My poor single male ringneck dove is desperately seeking a mate. Anyone around who has a *definitely female * ringneck in need of a great home??


----------



## Charis (Feb 11, 2007)

I have one.


----------



## maryjane (Jul 15, 2006)

Do you? Is it okay to ship them or too rough on them? This poor guy is so tired of living next to pigeons with not a female dove in sight. The last two I adopted for him turned out to be male, luckily the owners took them back! I just want him to be happy.


----------



## Charis (Feb 11, 2007)

maryjane said:


> Do you? Is it okay to ship them or too rough on them? This poor guy is so tired of living next to pigeons with not a female dove in sight. The last two I adopted for him turned out to be male, luckily the owners took them back! I just want him to be happy.

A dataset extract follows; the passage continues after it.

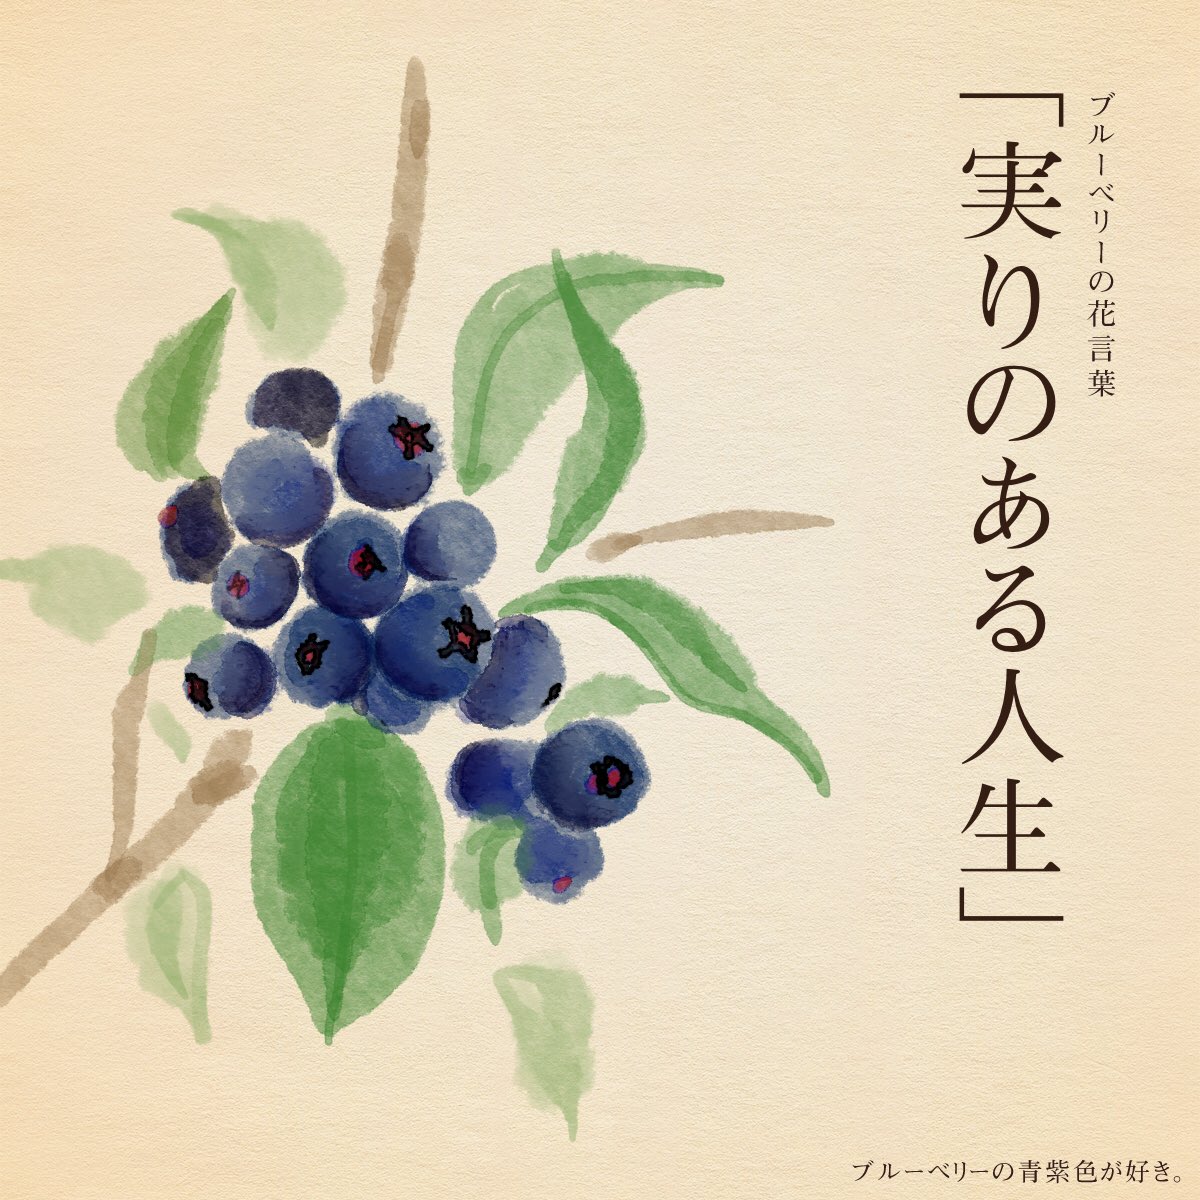 はな言葉 ウェディングドレス きょう8月8日は ブルーベリーの日 Blueberryのbbがに似ていることと ブルベリーの収穫時期に当たることから制定 ブルーベリーの花言葉は 実りのある人生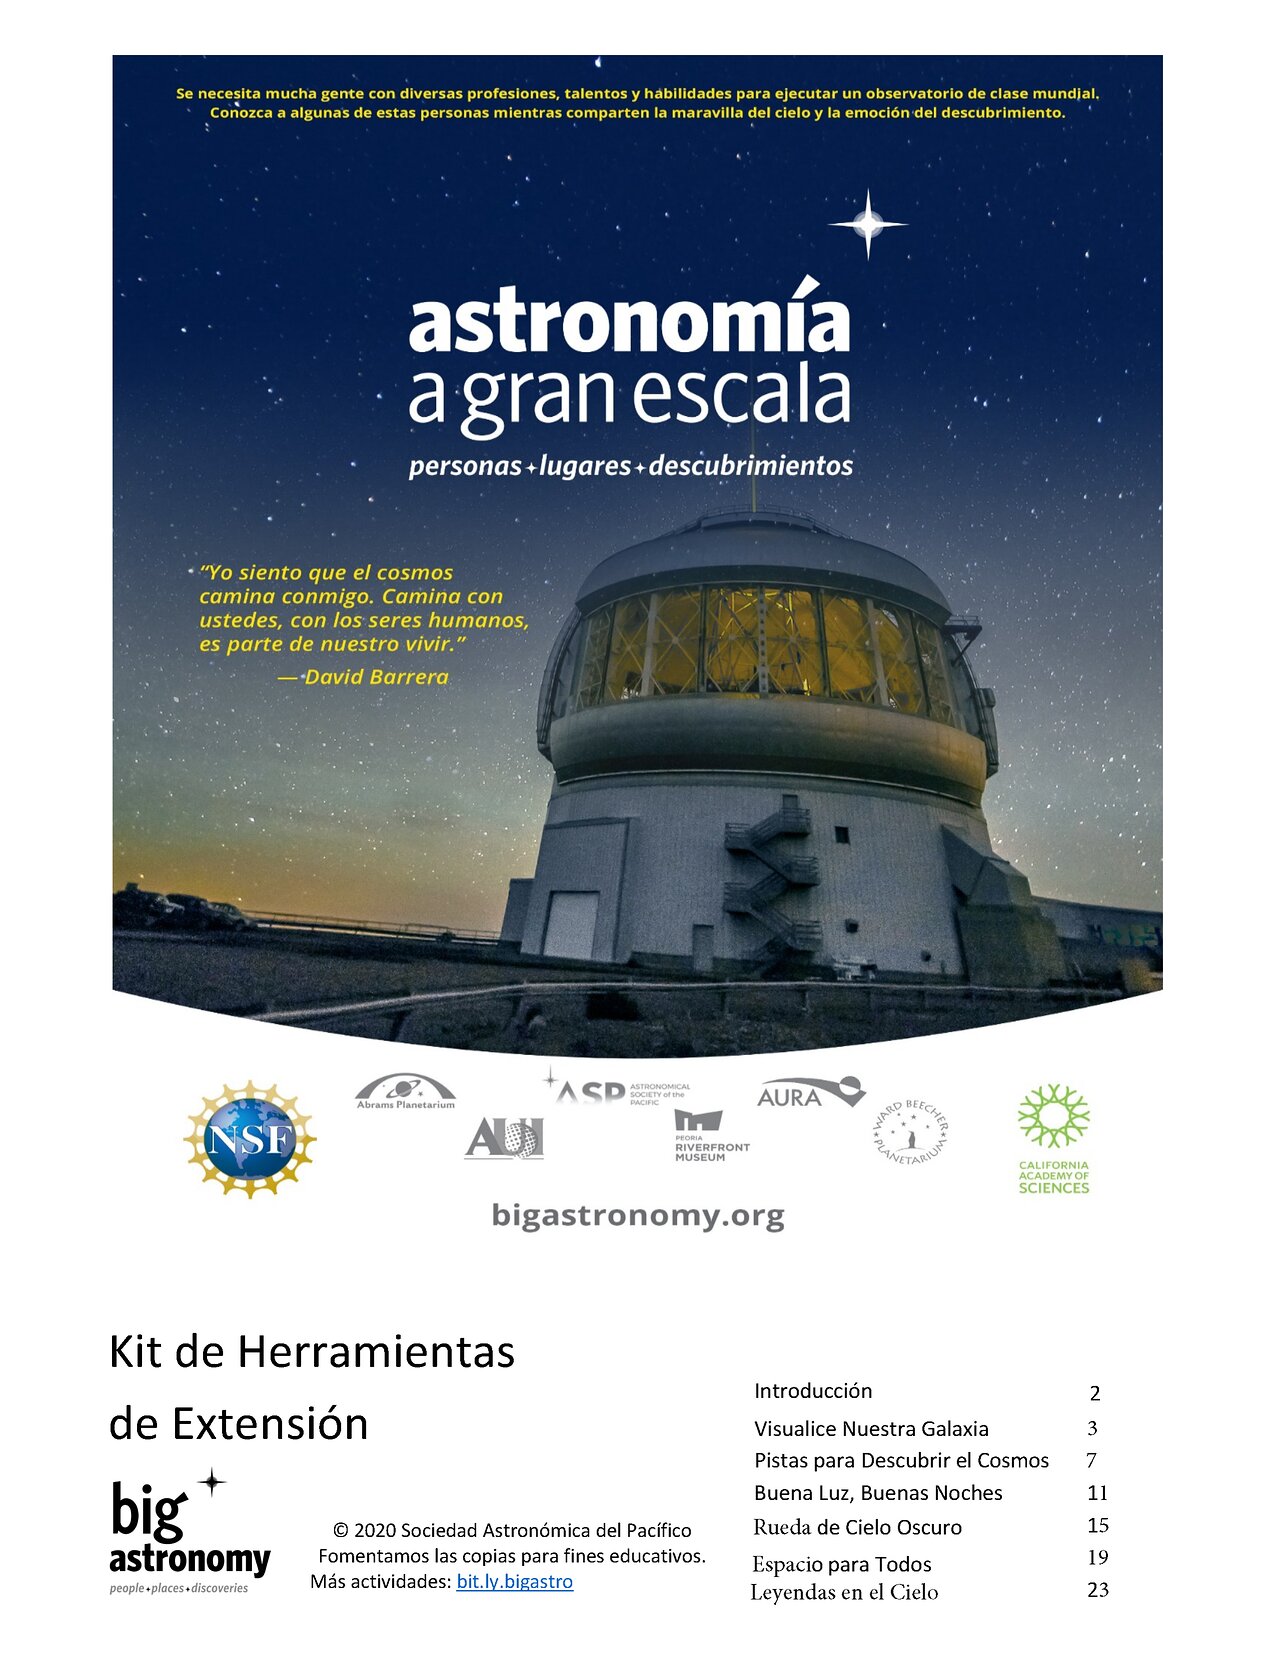 Educational Material: Astronomía a gran escala

I don't know. Maybe we can find a ride. I wonder if Jaye is coming up here soon. Let's ask.


----------



## MaryOfExeter (Sep 30, 2007)

I've shipped doves to california before  And all went well. The baby is now a much loved couch potato pet


----------



## maryjane (Jul 15, 2006)

Oh, that's great to know, Becky. I always think of doves as being so fragile.  Hopefully Jaye will be making a trip, I'll e-mail him.


----------



## Charis (Feb 11, 2007)

I hope he will because Charis doesn't ship.


----------



## Jaye (Mar 13, 2008)

I have heard a rumour that Charis doesn't ship 

Mmmm...I may be coming up to pick up my daughter at T-Giving break....


----------